I mean, what the hell? This isn't the first time I've seen this kind of thing. Why are the guys who are hired to pinch pennies in corporate always the ones who aren't happy until their toilets flush with freshly imported springwater?
Anyone seen the system requirements for Longhorn/OSXI/KDE4? they're probably gargantuan.
no thanks
It's quite the resource hog.
Porn will lead us.
Massive amounts of storage, and fantastic amounts of cheap processing power will lead to a generation of smart capable web spiders capable of autonimously downloading and indexing porn while avoiding banners, advertisments, pop ups, P2P spam or crap-floods and duplicates.
The unibiquitious nature of regular porn will make it tame and uninteresting through sheer availability. This will lead a secret cabal of Japanese scientists (and school girls) to create ultra-porn which will require consumers to be at least a half century old. As the shocking depictions will require a cushion of life's experiences at least that substantial to avoid harmful or even debilitating side effects.

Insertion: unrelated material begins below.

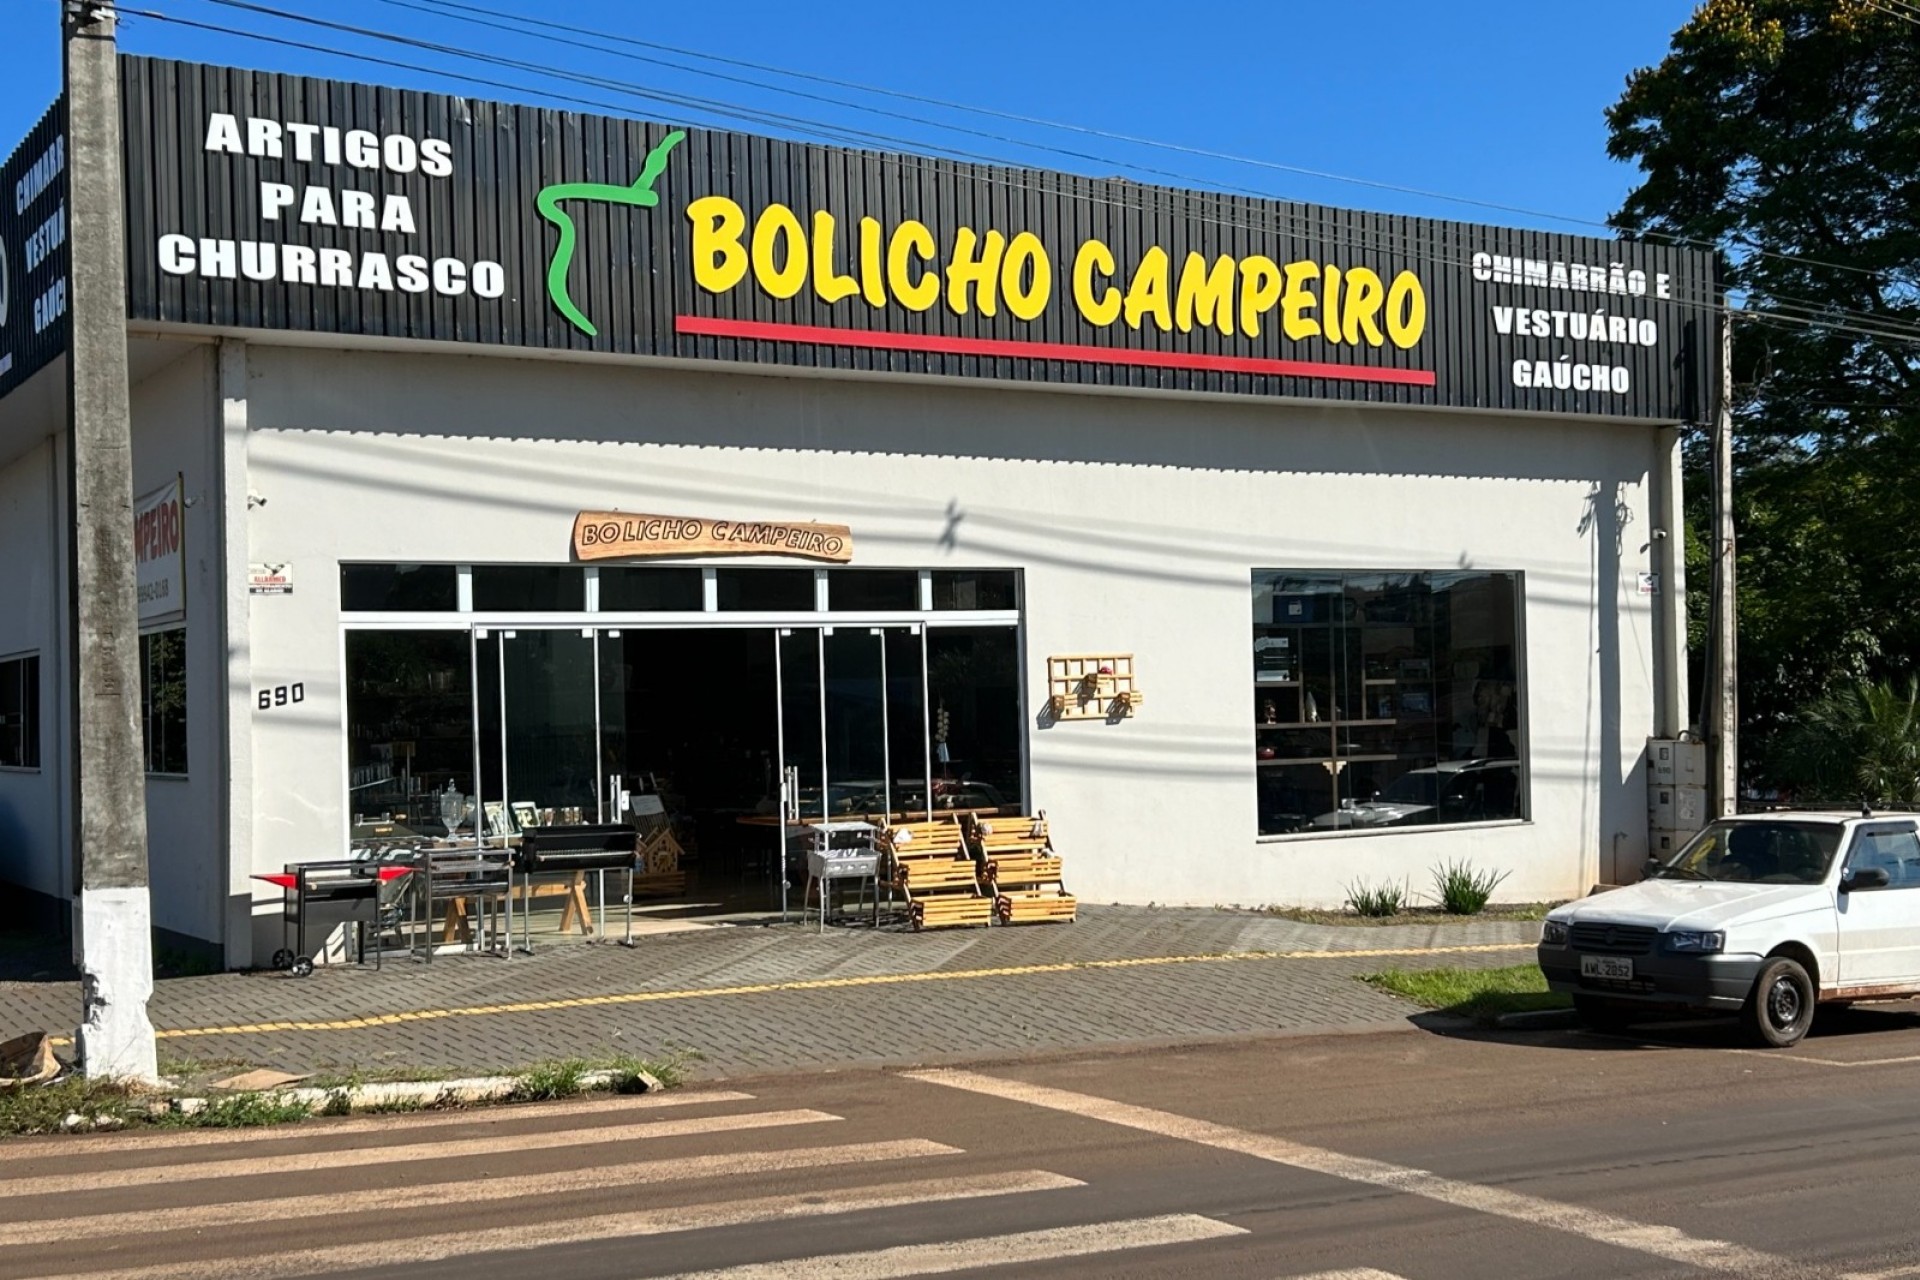 Já conhece a tradicional loja do Bolicho Campeiro em Medianeira?

In the year two thousand....
Similarly, the applications running in curtained memory are going to stack up at an alarming rate once Longhorn and other platforms start to see pervasive digital rights management. As every bit of data being generated or passed from application to application is being tested against dozens of different filters, CPU time is going to go up in smoke, and it will be illegal to stop these activities from taking place in most countries.
Games and pr0n.
And pr0n games.
But I suspect people programming these things are still looking at them going "Well, if we just had a bit more power, we could do X, Y, and Z". UT2003, for example, has pretty much no interaction with anything other than a handful of objects - you can't blow up a wall, for example.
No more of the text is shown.